The records

****************************************

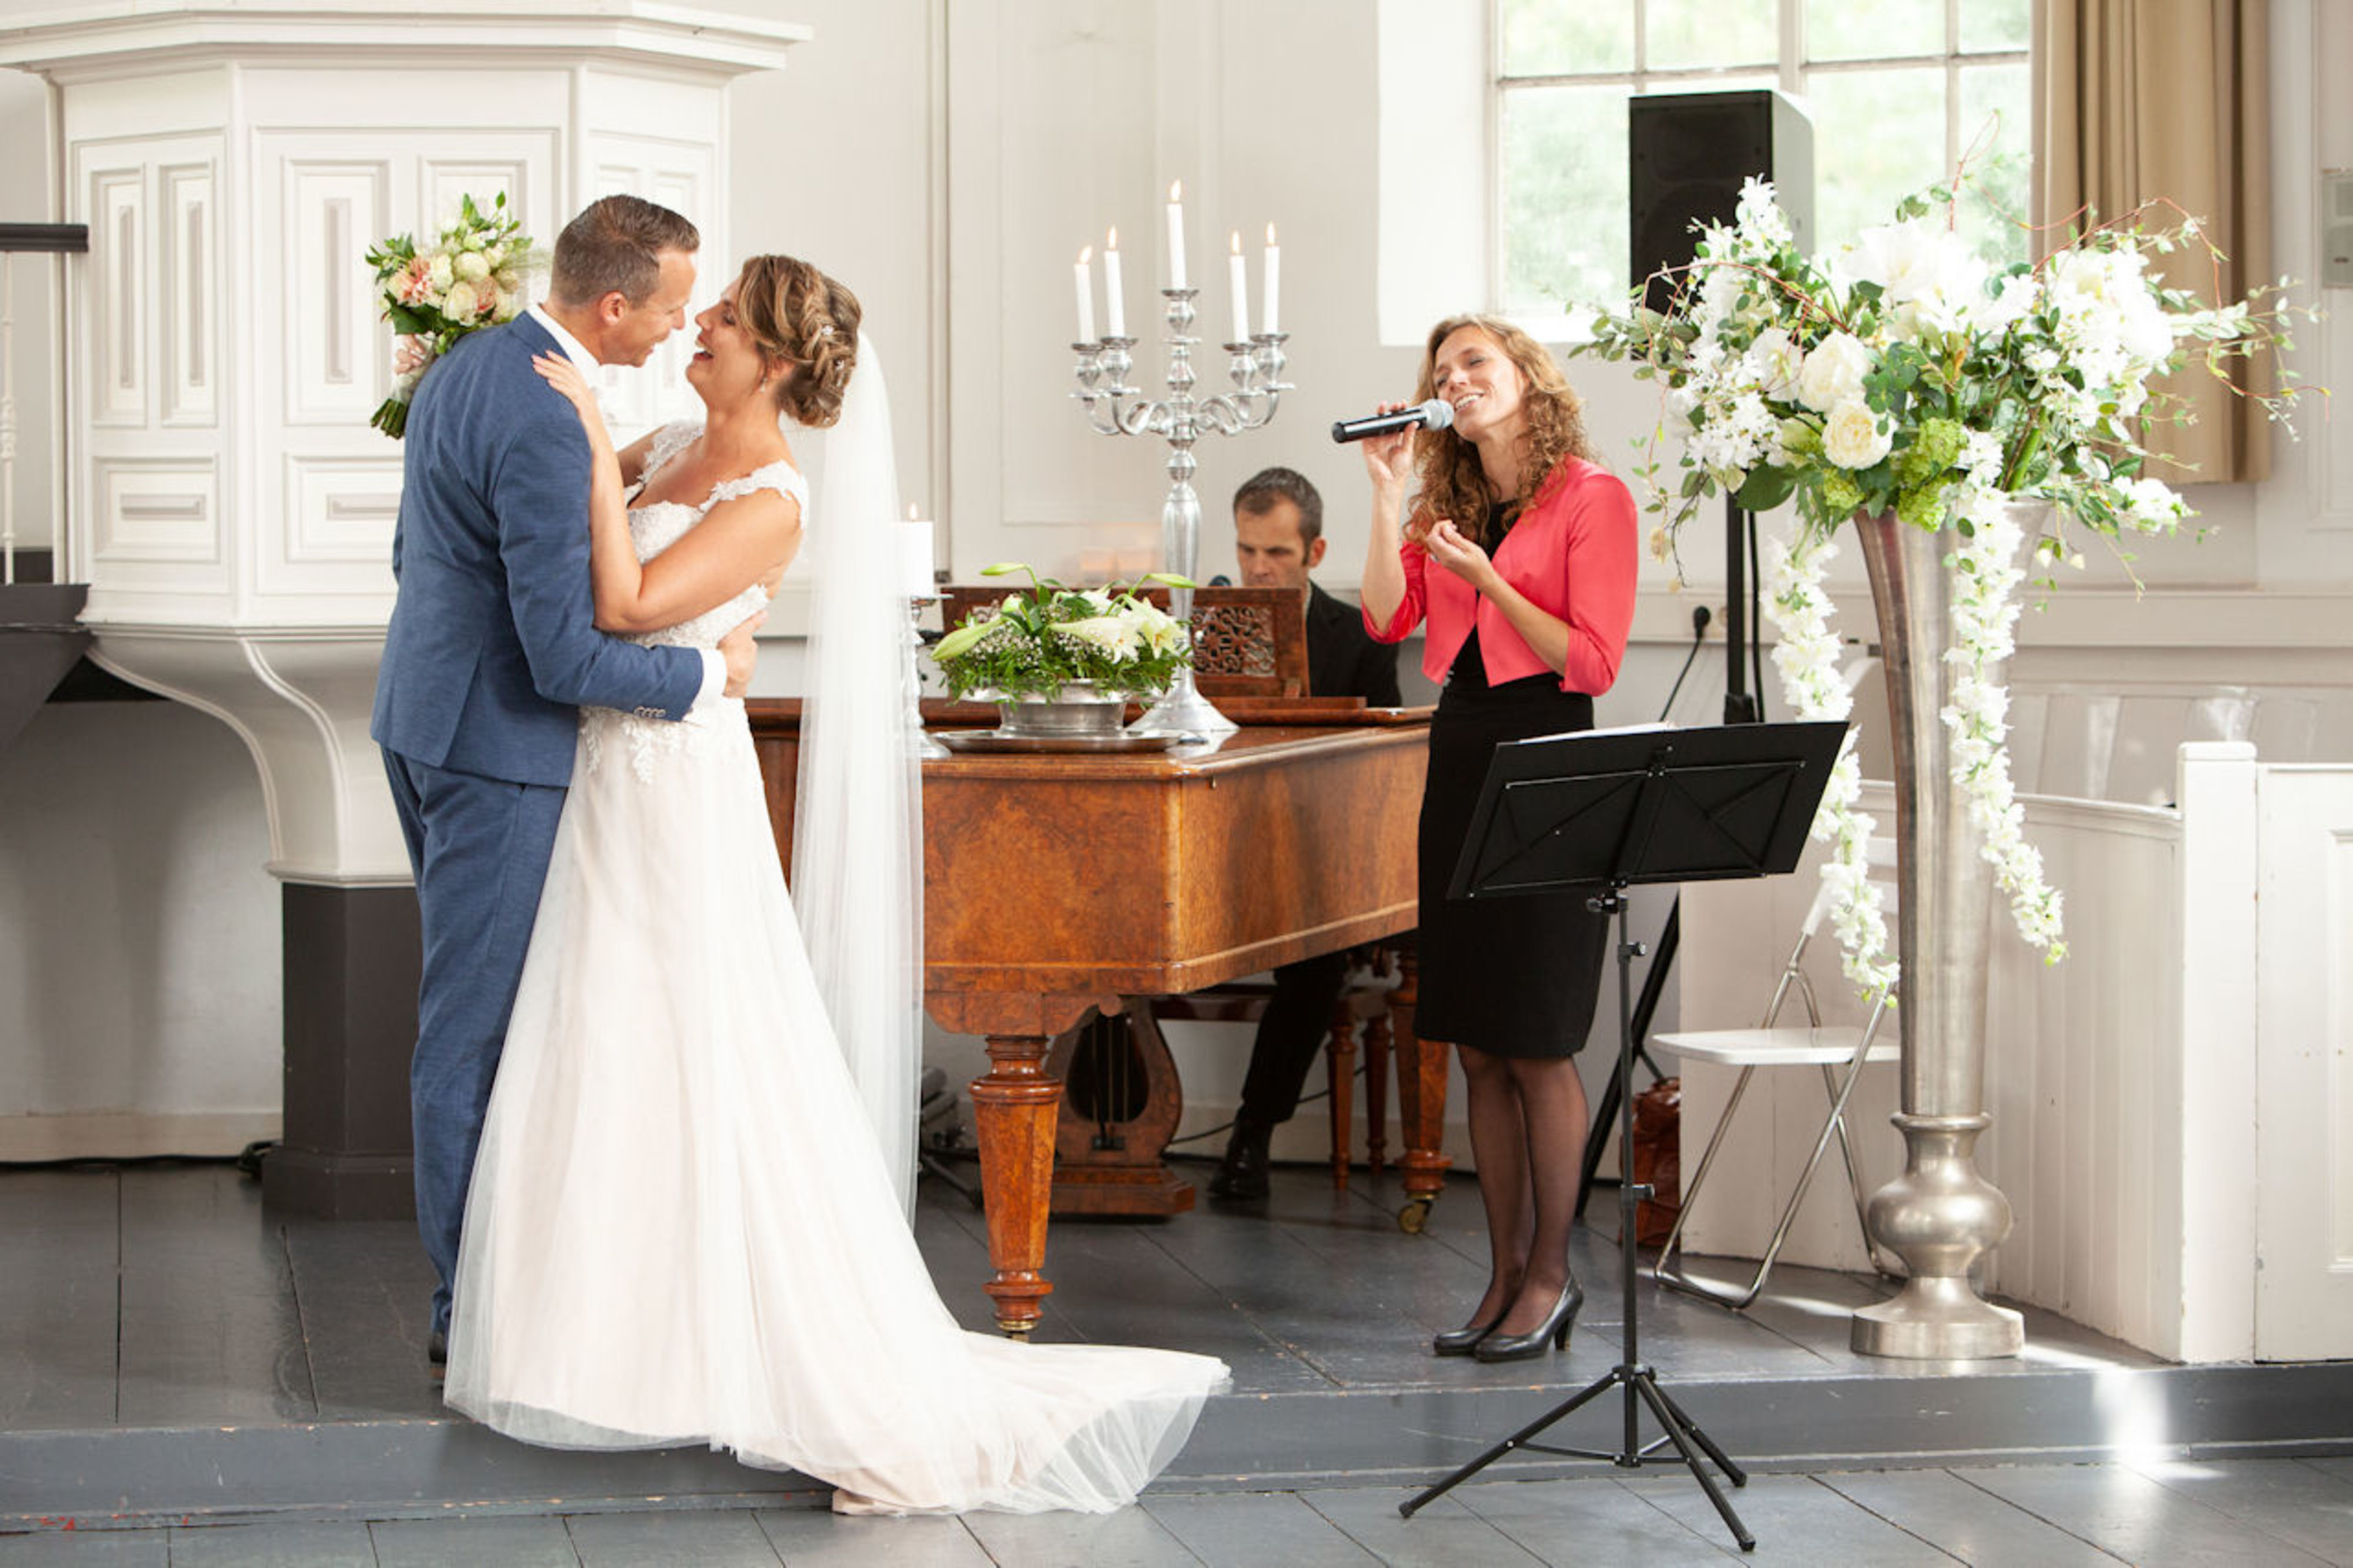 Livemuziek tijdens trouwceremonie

****************************************

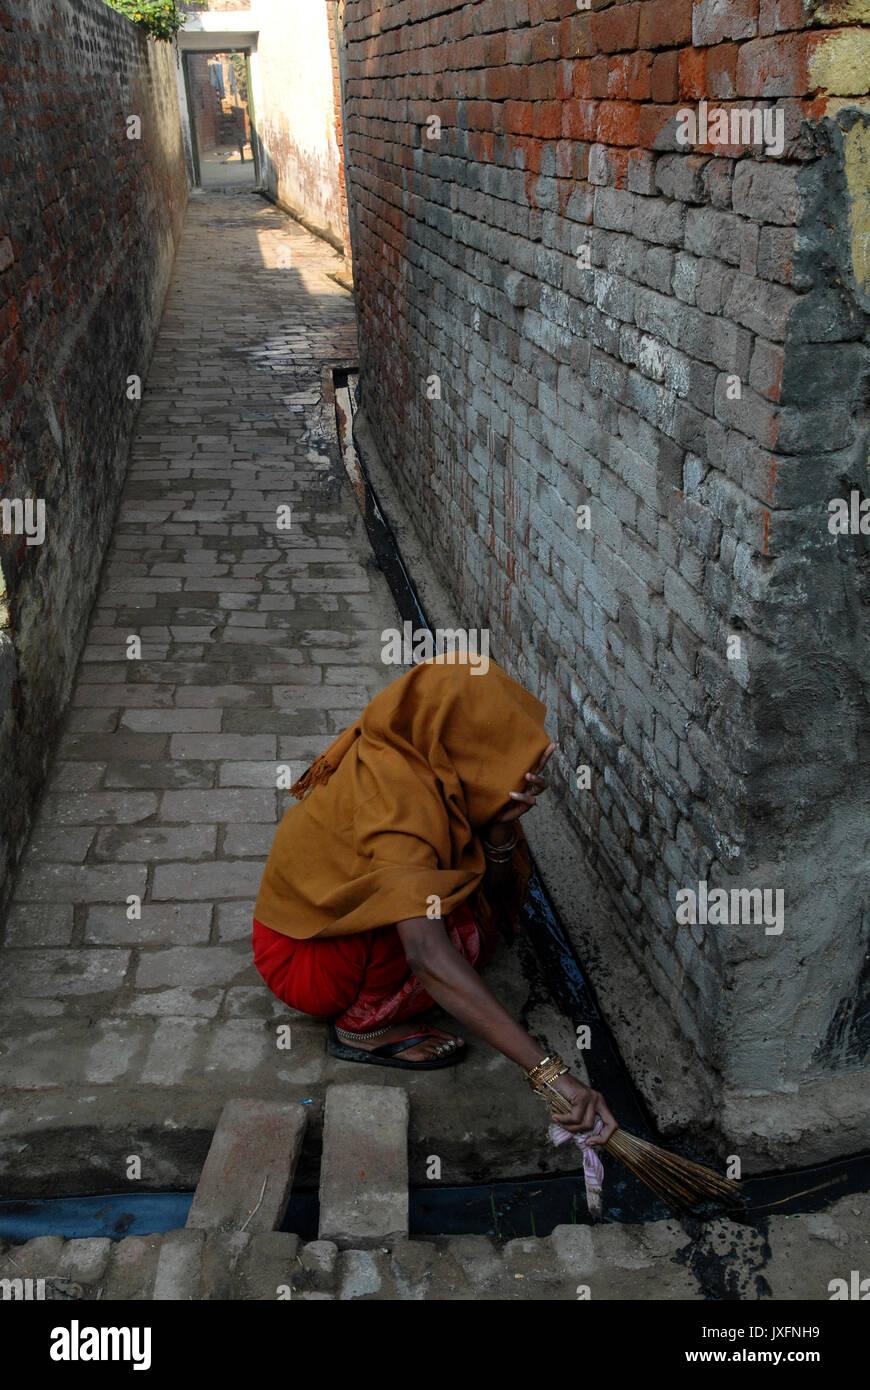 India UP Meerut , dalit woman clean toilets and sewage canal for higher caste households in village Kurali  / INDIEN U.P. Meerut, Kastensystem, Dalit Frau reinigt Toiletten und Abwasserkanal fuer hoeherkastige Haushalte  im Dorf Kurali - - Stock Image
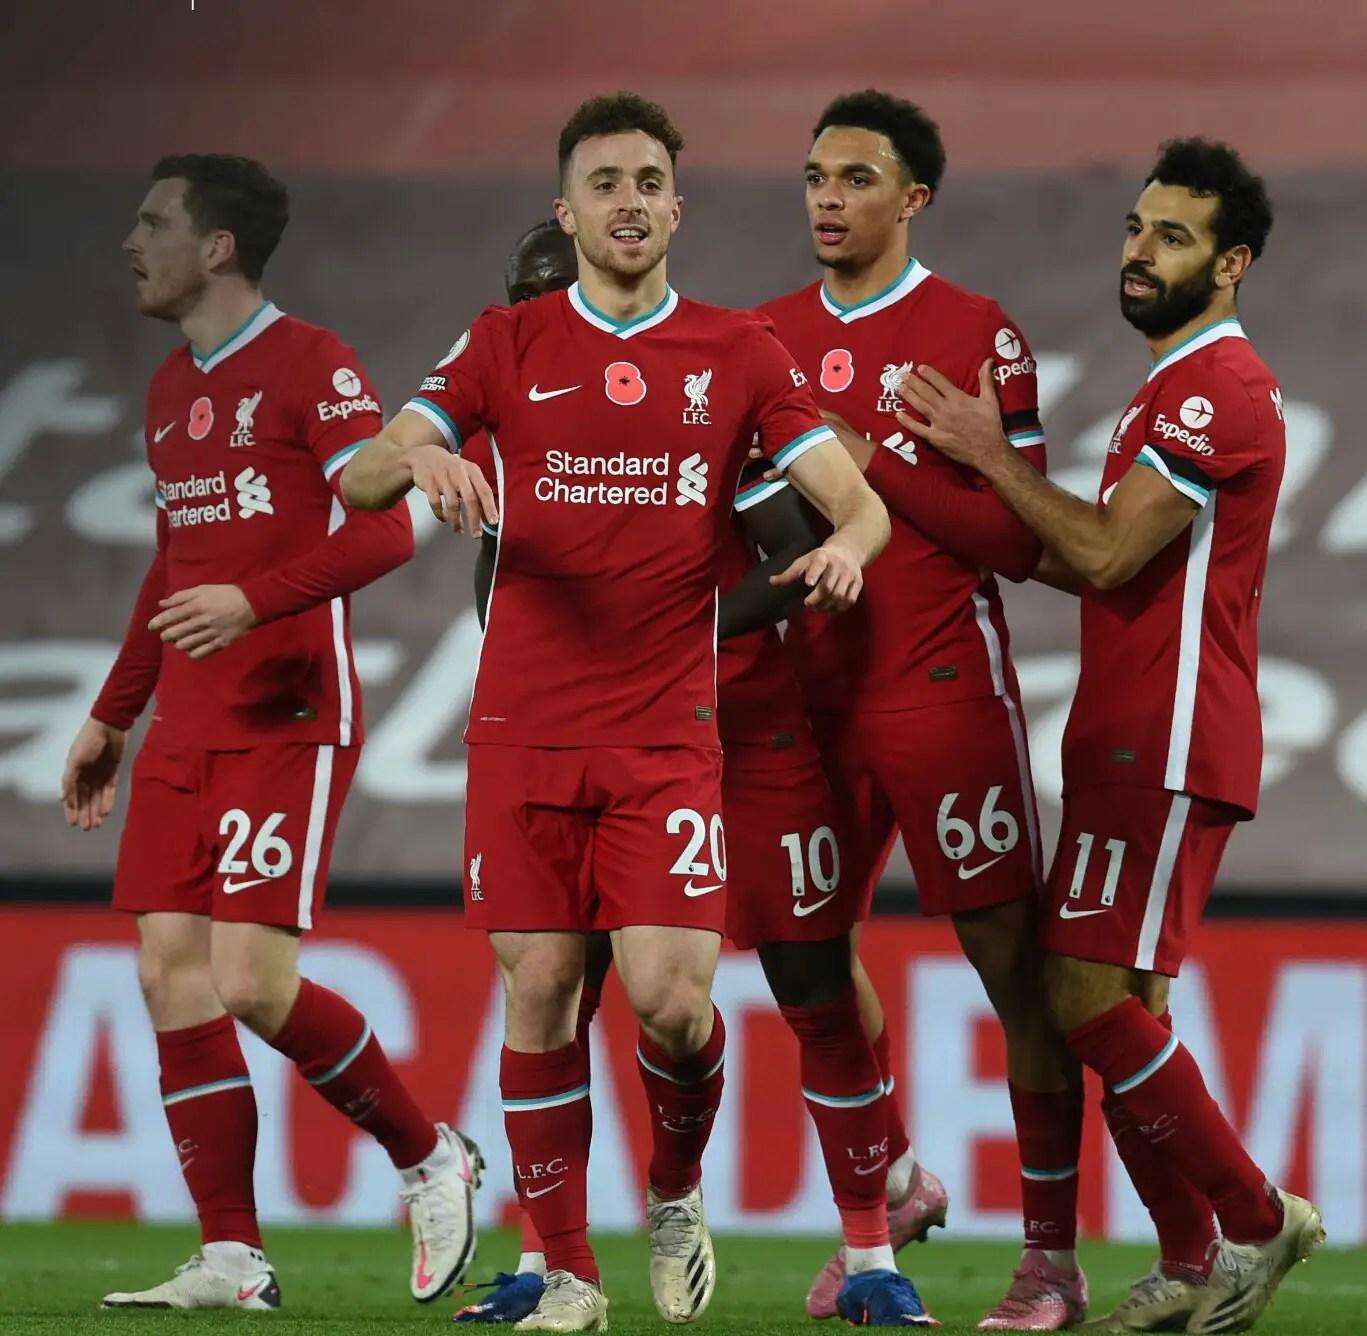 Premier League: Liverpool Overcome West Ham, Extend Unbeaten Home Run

****************************************

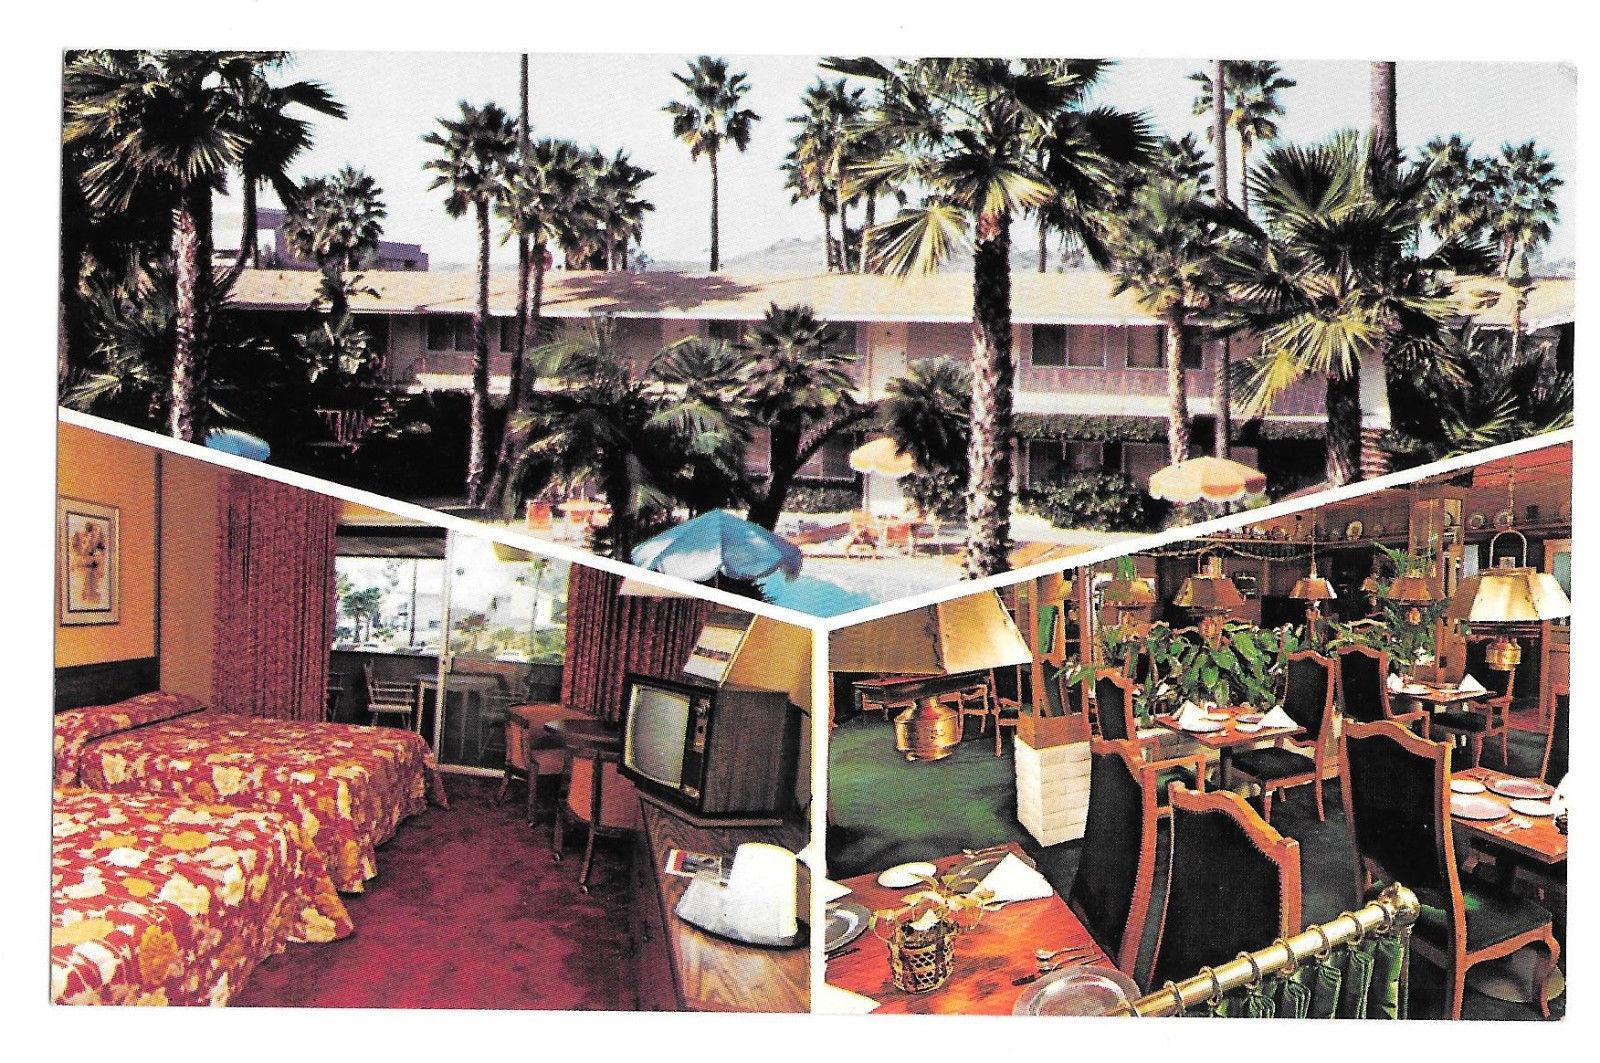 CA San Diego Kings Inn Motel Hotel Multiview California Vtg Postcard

****************************************

What is needed is an exact copy of only the lines above from the one with "India UP Meerut" to the one with "Premier League: Liverpool", both kept, with every picture left out.

Solution to this exercise
 India UP Meerut , dalit woman clean toilets and sewage canal for higher caste households in village Kurali  / INDIEN U.P. Meerut, Kastensystem, Dalit Frau reinigt Toiletten und Abwasserkanal fuer hoeherkastige Haushalte  im Dorf Kurali - - Stock Image
 Premier League: Liverpool Overcome West Ham, Extend Unbeaten Home Run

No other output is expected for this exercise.